This study addresses the challenge posed by adversarial code obfuscation and encryption to the automated extraction of Indicators of Compromise (IoCs) from malware. It presents the first systematic evaluation of large language models’ (LLMs) capability to recover IoCs from JavaScript programs subjected to a 12-level progressive obfuscation pipeline and strong encryption schemes, including XOR and AES-256. To enable rigorous assessment, the authors develop a standardized, reproducible automated testing framework. Experimental results demonstrate that LLMs perform robustly under lightweight obfuscation techniques—such as variable renaming and Base64 encoding—but exhibit a significant performance drop when confronted with strong encryption. These findings reveal that encryption remains a critical bottleneck for LLM-driven code analysis and highlight a clear direction for future research in enhancing model resilience to cryptographic transformations.
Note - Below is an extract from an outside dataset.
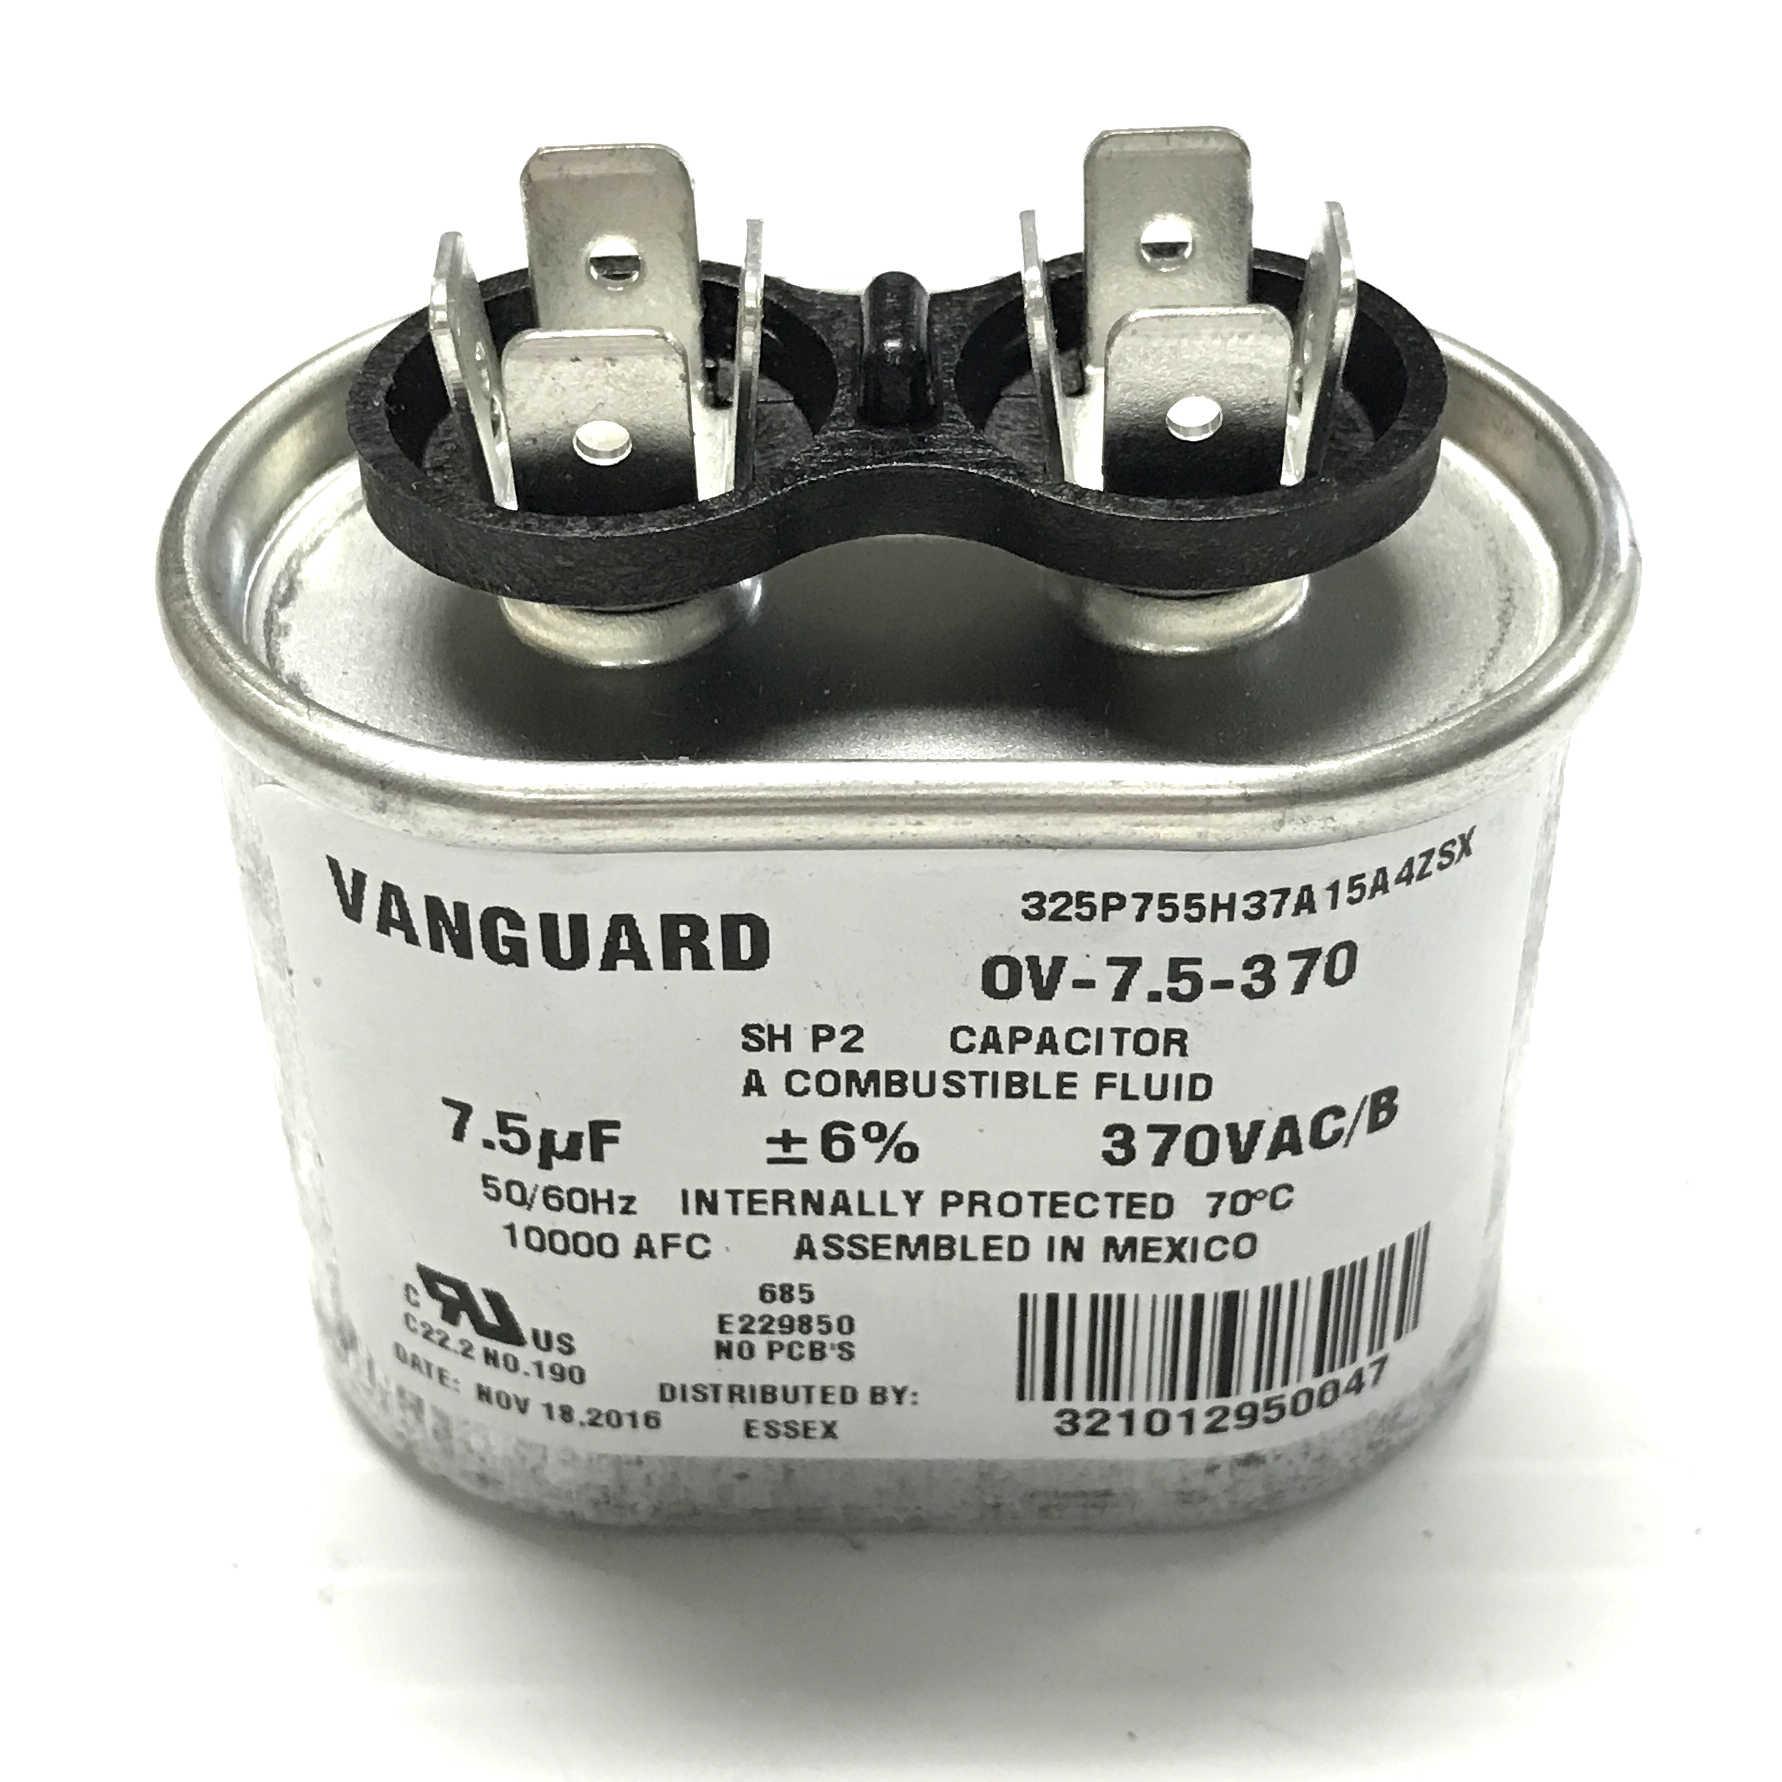 Ov 75 370 Vanguard Run Capacitor Vac F 40 Mfd Ac Motor Wiring Diagram Image01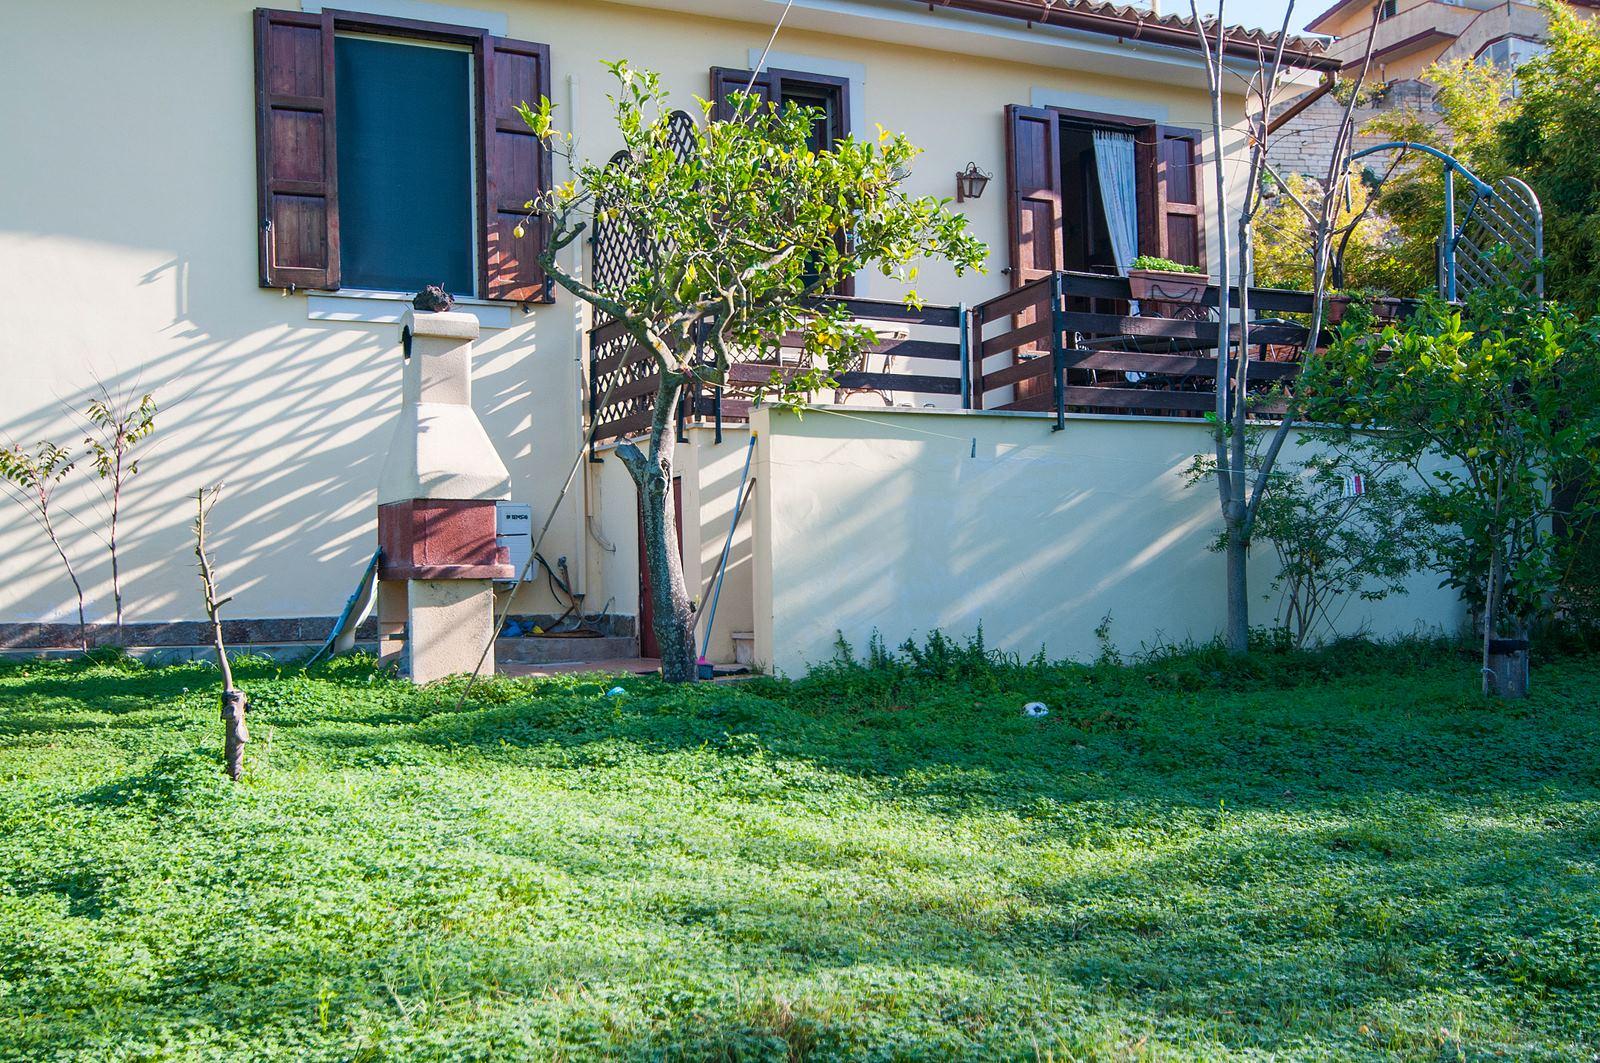 Maison de vacances Villetta a Lido (1540086), Lido di Noto, Siracusa, Sicile, Italie, image 13

Software obfuscation and encryption present persistent challenges for program comprehension and security analysis, particularly when adversaries conceal Indicators of Compromise (IoCs) such as IP addresses within source code. While Large Language Models (LLMs) have recently demonstrated remarkable progress in code reasoning and transformation, their resilience against adversarial concealment techniques remains largely uncharted. This paper introduces a systematic benchmark for secret detection under adversarial code transformations, designed to evaluate the capacity of LLMs to recover IoCs embedded in obfuscated and encrypted JavaScript programs. We construct a dataset of 336 programs, progressively transformed through 12 levels of obfuscation and cryptographic concealment (including XOR and AES-256), to emulate realistic threat scenarios. An automated evaluation framework standardizes LLM queries and responses, enabling reproducible, large-scale testing across diverse models. Our results reveal a dichotomy: while LLMs exhibit high success against lightweight transformations such as variable renaming and Base64 encoding, encryption-based concealment severely degrades detection performance. These findings establish encryption as a critical frontier for LLM-driven code analysis and highlight both current limitations and avenues for advancing automated threat intelligence.